Дождь умерил свой пыл к тому времени, что я подъезжал к больнице. Парковка оказалась наполовину пустой, припарковался как можно ближе к воротам, мелкий дождь резал грубыми полосами. И на секунду, выйдя из машины, замер, устремив взгляд к больнице, своей структурой напоминавший снаружи старый замок. Моё лицо орошали холодные капли, а я наблюдал. Наблюдал за окнами, за тремя этажами, на которых жили маленькие люди, считающие себя отдельной от мира кастой, здесь лежачие утверждали, что умеют танцевать, безрукие предоставляли свои рисунки, слепые что-то подолгу рассматривали в зеркальном отражении. В окнах пару раз мелькали силуэты. На втором этаже, на разных конца коридора застыли два окна, на подоконнике одного, как обычно, сидела старая, откормленная ворона брата. Второе же всегда привлекало к себе взгляд яркой новогодней гирляндой, светящейся круглой год. Энрике — парень специфический. Очень удивлял тот факт, что безумный колясочник и мой мирный, тихий, неспособный на авантюры брат, нашли общий язык, и походу, стали лучшими друзьями. Было ещё одно окно. Застыло оно на третьем этаже, возле пожарной лестницы. Да, не спорю, у меня есть тайна, о которой я никому не говорю. Тайна цвета апельсина. Или даже самого солнца.
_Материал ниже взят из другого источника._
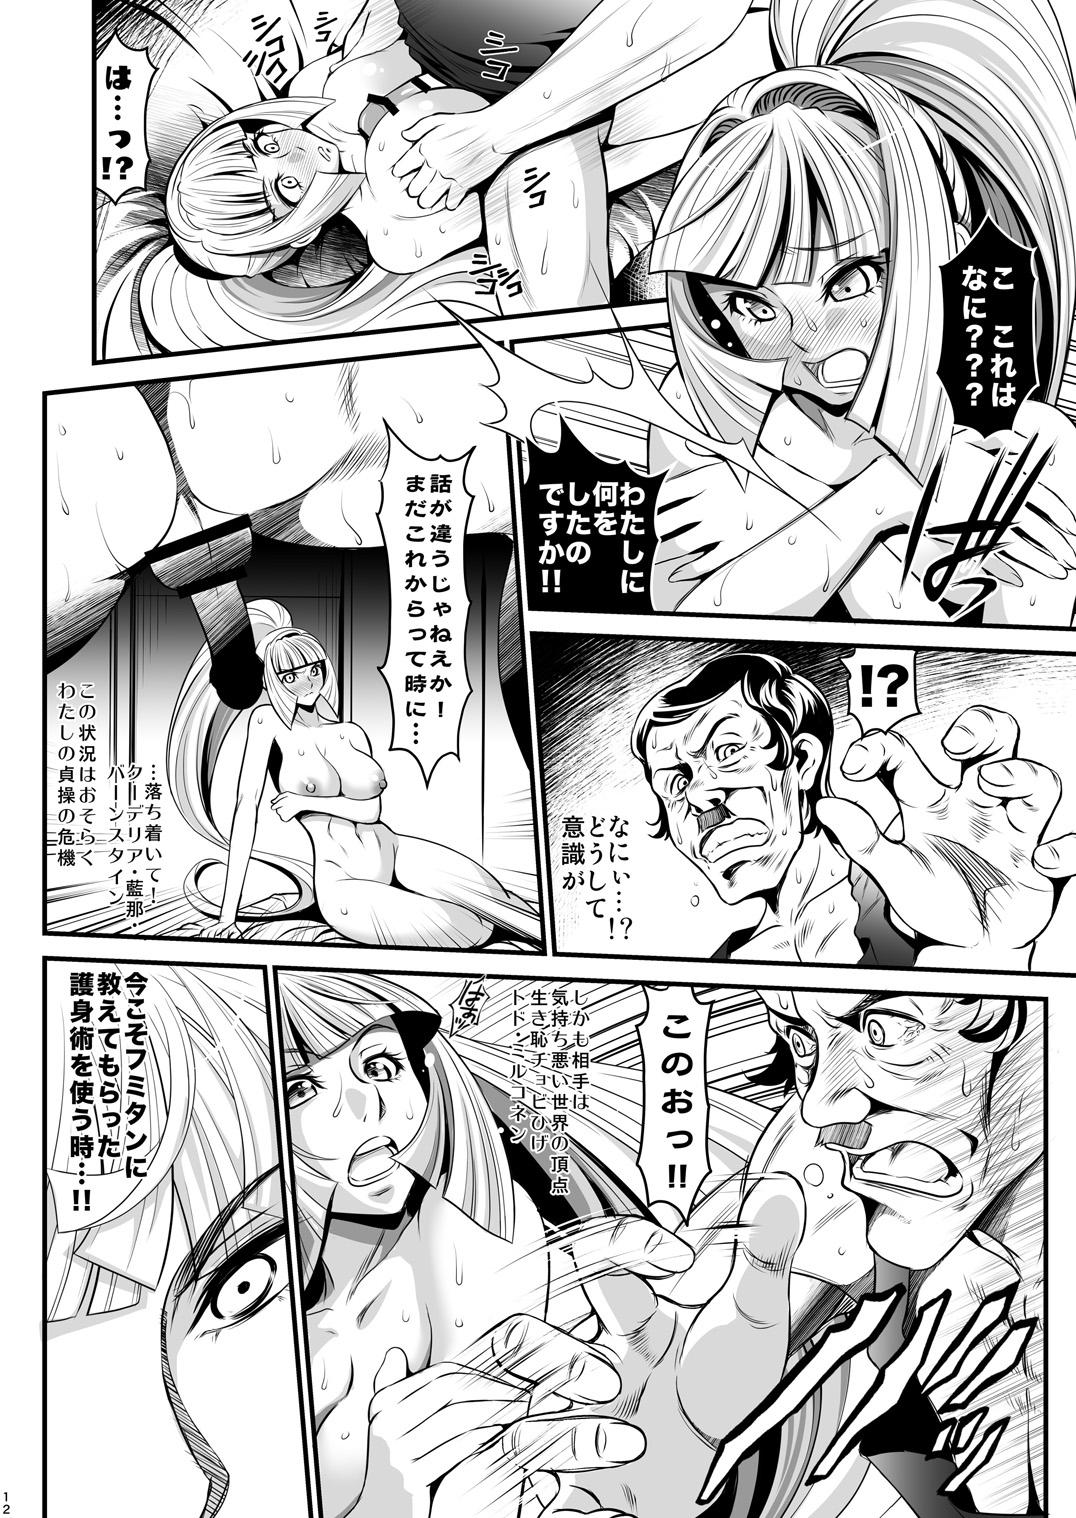 Humiliation Chobihige Yobai - Mobile suit gundam tekketsu no orphans Jeans - Page 12
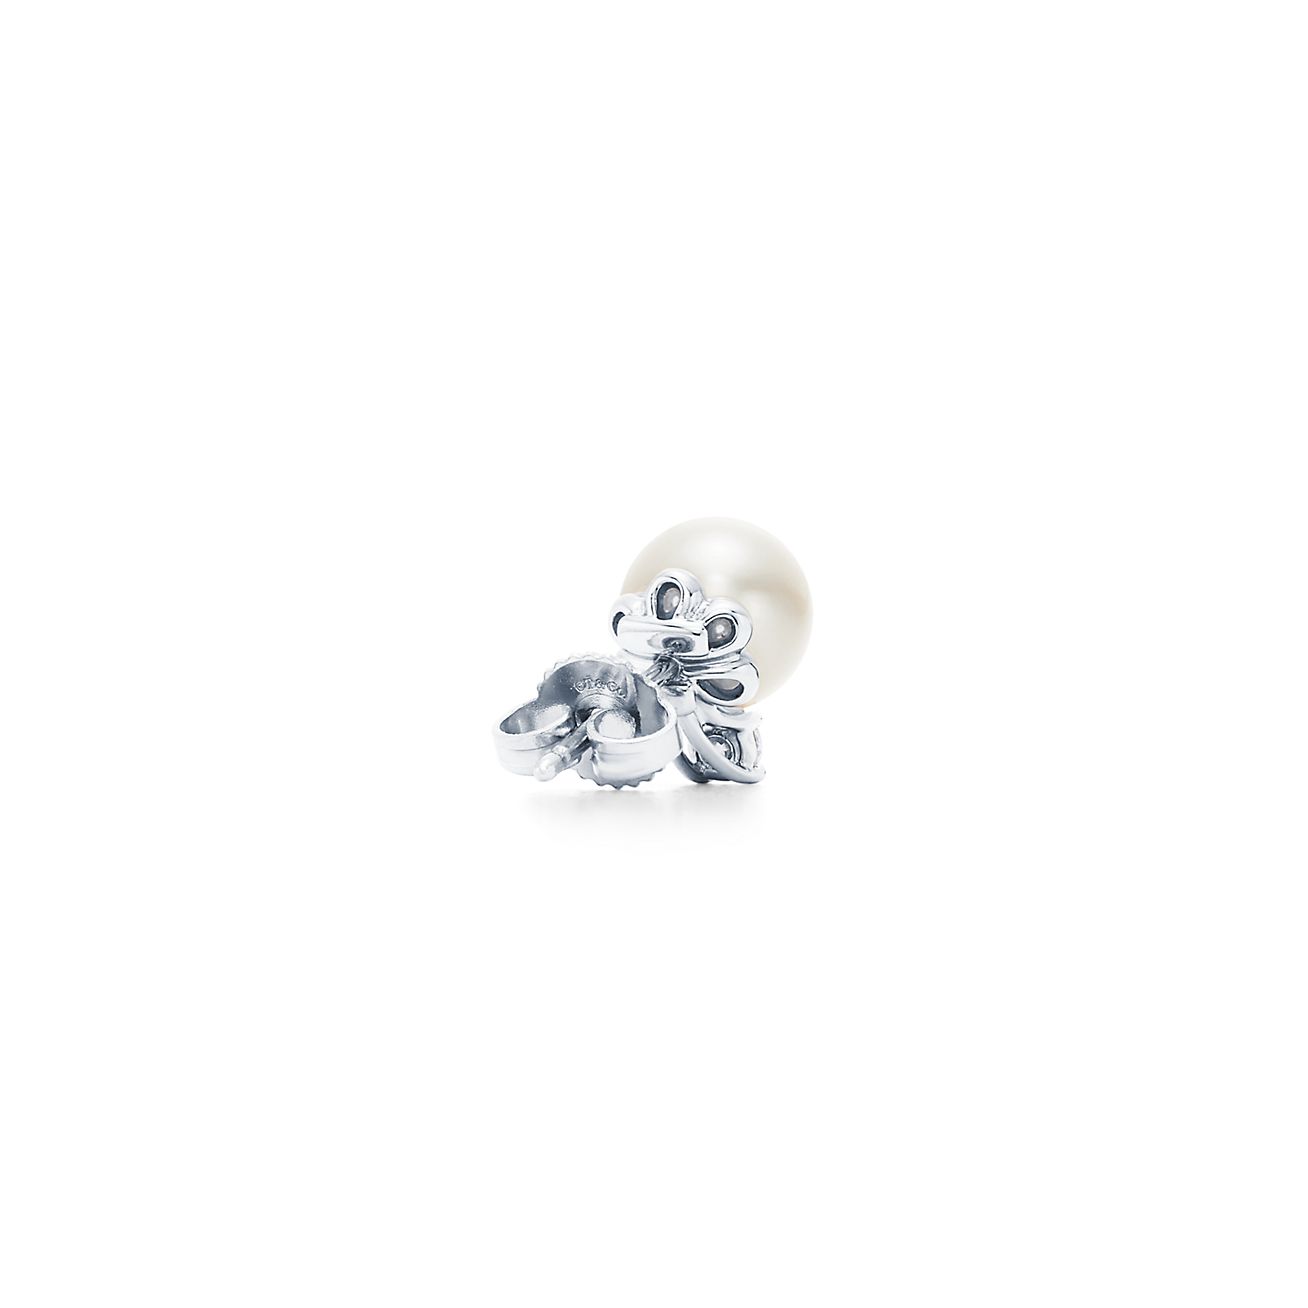 tiffany diamond and pearl earrings

— Так и стой там! Продолжай мокнуть и радовать этим зрелищем моё несчастное, разбитое сердце!

Окно с гирляндой распахнулось и оттуда высунулось наполовину тело, имеющее до удивления прекрасное, с несколько женственными, изящными чертами лицо. Когда-нибудь этот парень вывалится во двор больницы, и уверен, в тот день все вздохнут облегчением.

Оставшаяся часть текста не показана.